Giglia Gantenbein verbrachte zwischen Dezember 2023 und März 2024 knapp drei Monate als Volontärin bei der Regenboog India Foundation und unterstützte als Pflegefachfrau das Team der Mobilen Klinik. Im folgenden Essay erzählt sie von einer speziellen Bekanntschaft, die sie in den Projekten machte.
Ich stehe vor einem weissen, leeren Blatt. Mein fast dreimonatiger Aufenthalt in Indien ist schon fast wieder drei Monate her. Wo soll ich mit dem Schreiben beginnen? Möchte ich über die Mobile Medical Klinik (MMC) und das unglaublich herzliche Team schreiben, mit welchem ich als Pflegefachfrau unterwegs sein durfte? Möchte ich über Patient:innen und ihre Geschichten schreiben und aufzeigen, wie sie vom MMC-Team unterstützt werden? Möchte ich über den Ausflug mit allen Kids der Abendschulen schreiben und von den strahlenden Gesichtern der Buben und Mädchen erzählen, die zum allerersten Mal einen Ausflug erlebten? Oder möchte ich über das gesamte Regenboog-Team schreiben und davon, wie sie mit ihrer Arbeit unzähligen Menschen helfen und unglaubliche Arbeit leisten?
Ihr seht, ich könnte euch viele interessante und bewegende Geschichten erzählen, und doch gibt es eine Beobachtung, die mir besonders erwähnenswert scheint. Und zwar ist es die Rolle, die das Regenboog-Team zusätzlich zu den Projekten für die Menschen vor Ort spielt. Auf den ersten Blick scheinen es ganz kleine, nebensächliche Dinge zu sein, doch letztendlich ist die Wirkung für die einzelnen Menschen vor Ort durchaus bedeutsam. Aus diesem Grund habe ich mich entschieden, euch die Geschichte von Pavithra und Indrakumar näherzubringen.
Pavithra ist 13, ihr Bruder Indrakumar 11 Jahre alt. Sie leben in einem ganz kleinen, sehr einfachen blauen Backsteinhaus neben dem Bürogebäude der Regenboog India Foundation. In meiner ersten Woche in Indien wurde ihr Vater im Feld tot aufgefunden.
Das Regenboog-Team erzählte mir, dass er oft alkoholisiert nach Hause gekommen war und die Mutter und die beiden Kinder durch ihn oft physische und verbale Gewalt erlebten. Sie meinten, dass die beiden die Zeit nach der Schule regelmässig bei ihnen im Büro verbringen würden.

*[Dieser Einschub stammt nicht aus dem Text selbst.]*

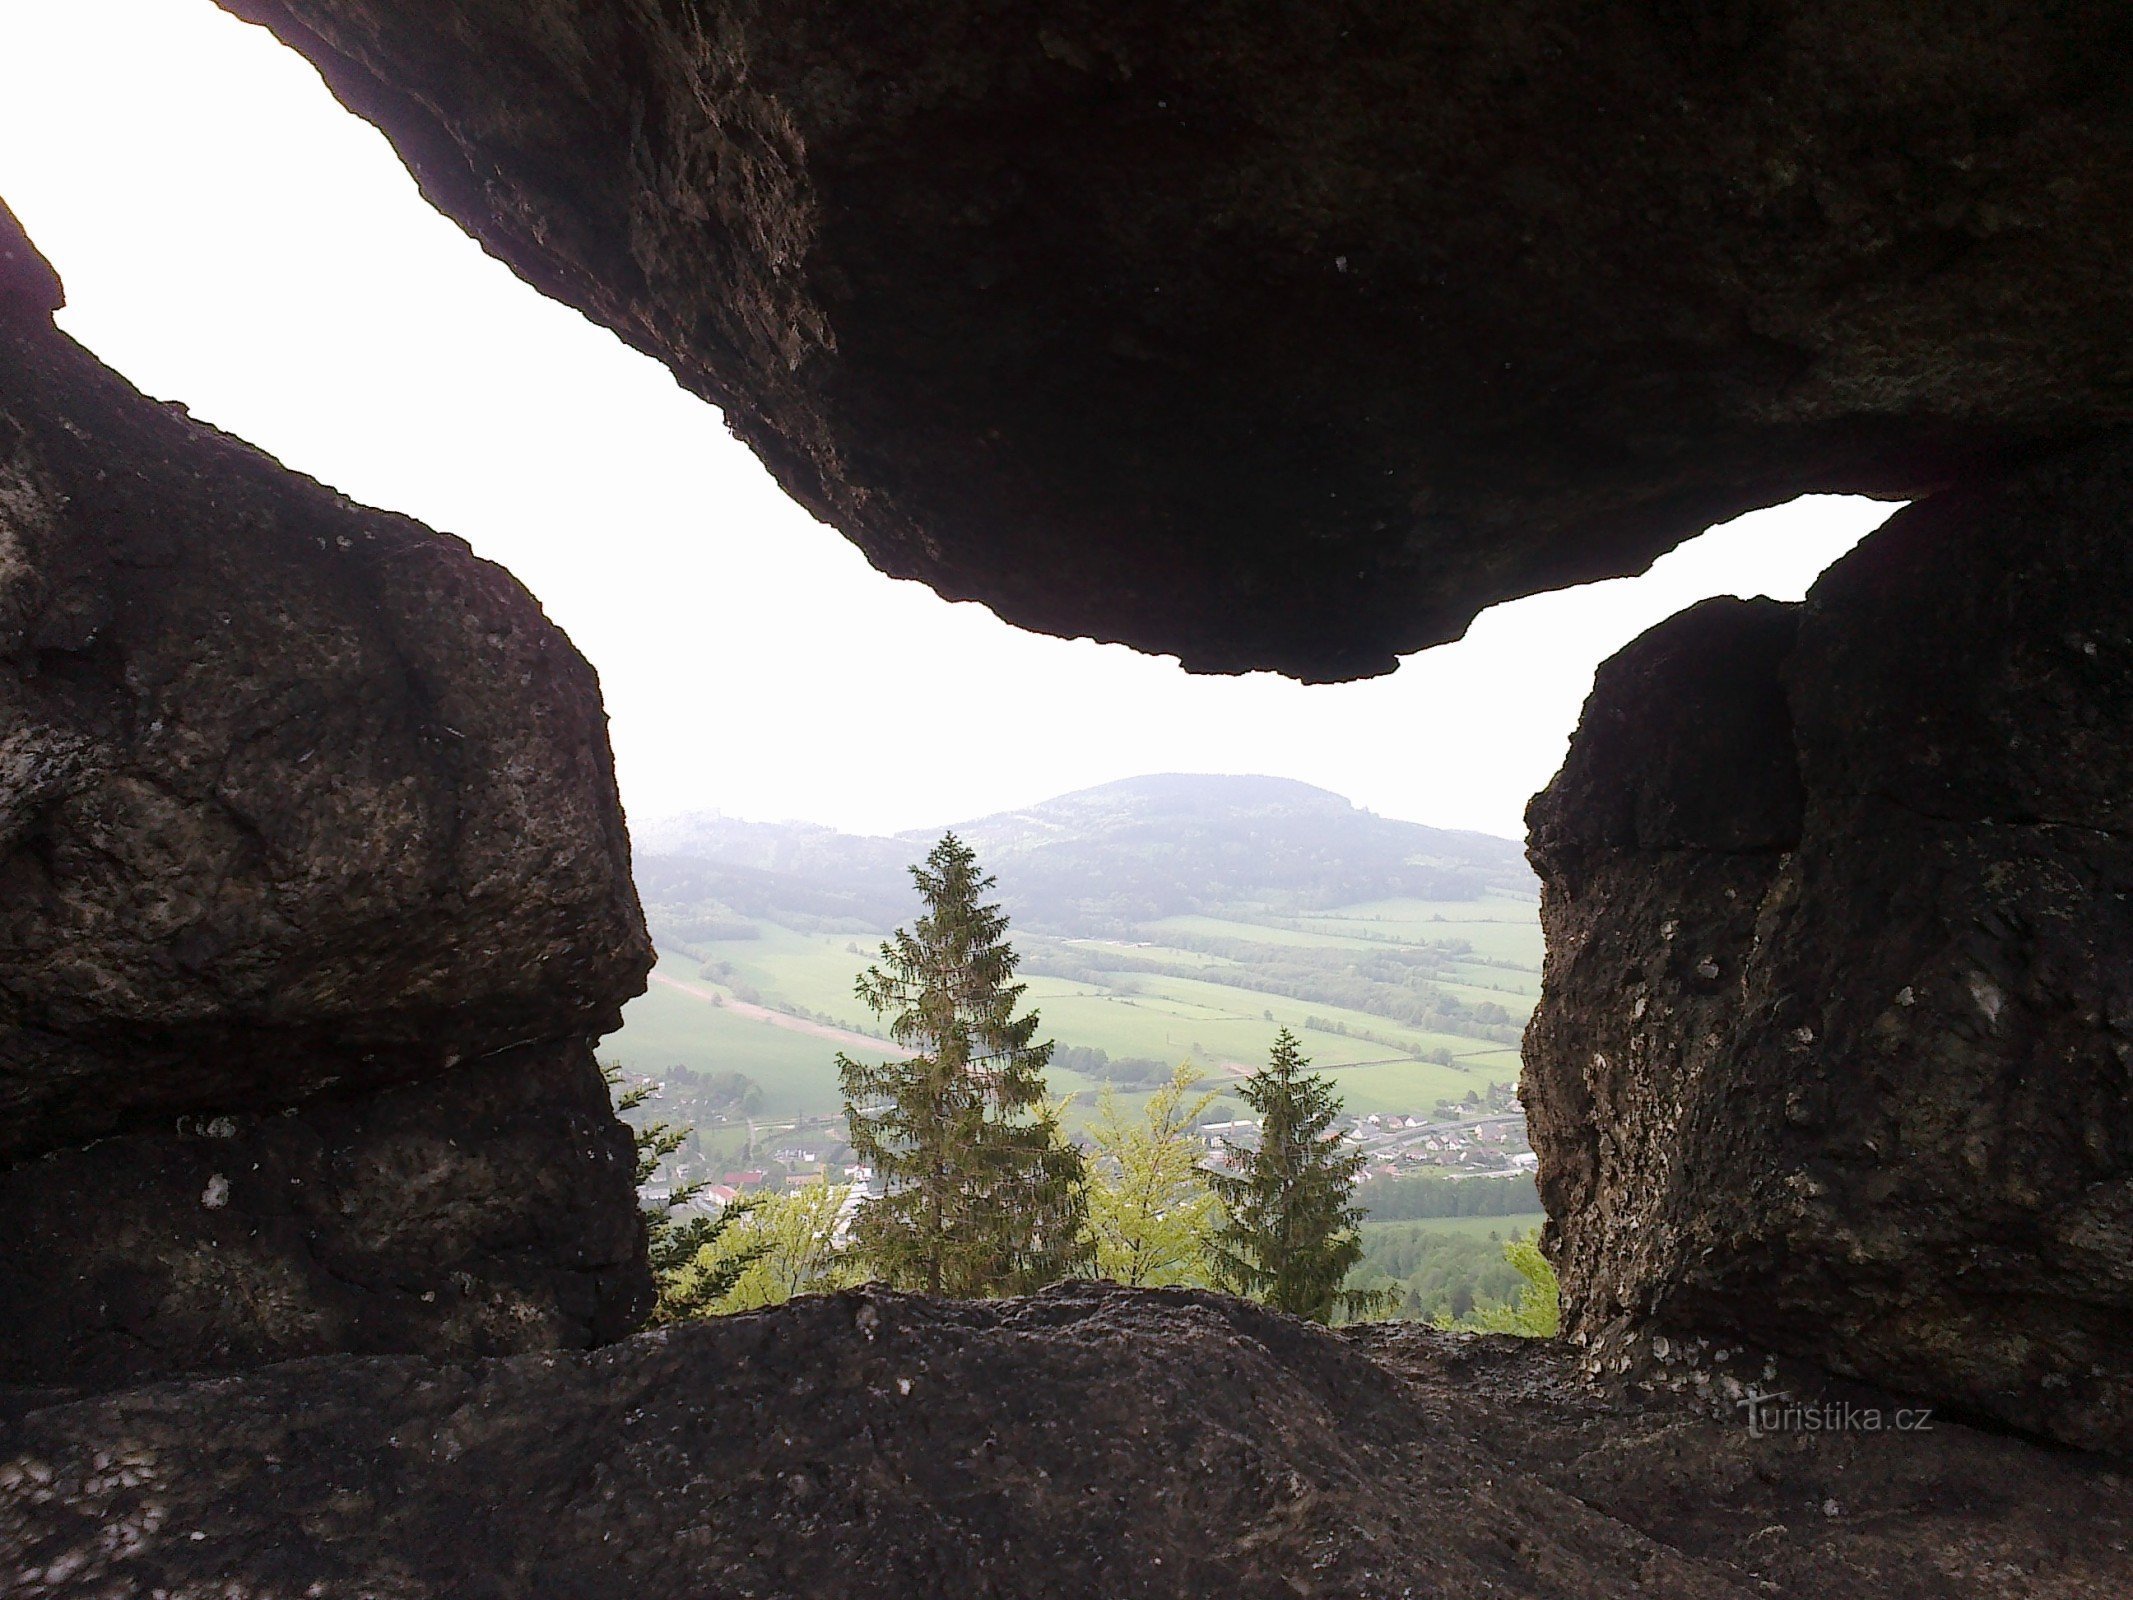 Diabelskie kamienie - skalny punkt widokowy w pobliżu Jesionika.

Später sah ich, wie sich Aishwarya, eine Mitarbeiterin der Mobilen Bibliothek, abends oft mit den beiden hinsetzte und ihnen bei den Hausaufgaben half, mit ihnen lernte oder bastelte.
Auch ich hatte das Glück, die beiden besser kennenlernen zu dürfen. Ich wohnte in einem der Gästezimmer im Bürogebäude und fand bald einen Draht zu ihnen. Sie besuchten mich regelmässig auf der Terrasse. Wir verbrachten viele Stunden damit, gemeinsam Freundschaftsbändeli zu knüpften, Englisch zu lernen, zu zeichnen und zu basteln und dabei tamilische Musik zu hören.
Pavithra berichtete mir oft stolz von ihren sehr guten Noten. Sie würde gerne Ärztin oder Pflegefachfrau werden, sagte sie. Indrakumar kam seinerseits immer wieder auf auffallend originelle und lustige kreative Ideen.
Eines Tages kam Pavithras Mama aufgeregt im Büro vorbei und verkündete stolz, Pavithra habe die Pubertät erreicht. Was soviel bedeutete wie: Sie hatte zum ersten Mal die Periode. Ich bekam mit, wie Madhan mit ihr ein angeregtes Gespräch führte.
Später erzählte er mir, dass viele Eltern für ihre Tochter aus finanziellen Gründen eine Hochzeit arrangieren, sobald sie zum ersten Mal bluten. Im Gespräch habe er ihr eindringlich nahegelegt, Pavithra nicht zu verheiraten, sondern ihr die Möglichkeit einer Ausbildung zu geben.
In den folgenden Tagen begleiteten mich diese Worte konstant. Ich suchte also das Gespräch mit Madhan und fragte, ob es irgendetwas gäbe, was ich zur Ausbildung der beiden beitragen könne. Ich sei gerne bereit, mein Bestmögliches zu tun.
Kurz vor meiner Abreise verkündete mir Madhan, er hätte Pavithra und Indrakumar auf die Liste des Ausbildungssupports aufgenommen. Die beiden würden somit die Chance auf eine Ausbildung und ein Leben mit mehr Selbstbestimmung haben. Eines von vielen Beispielen, wie Regenboog die Perspektiven von Menschen verbessert.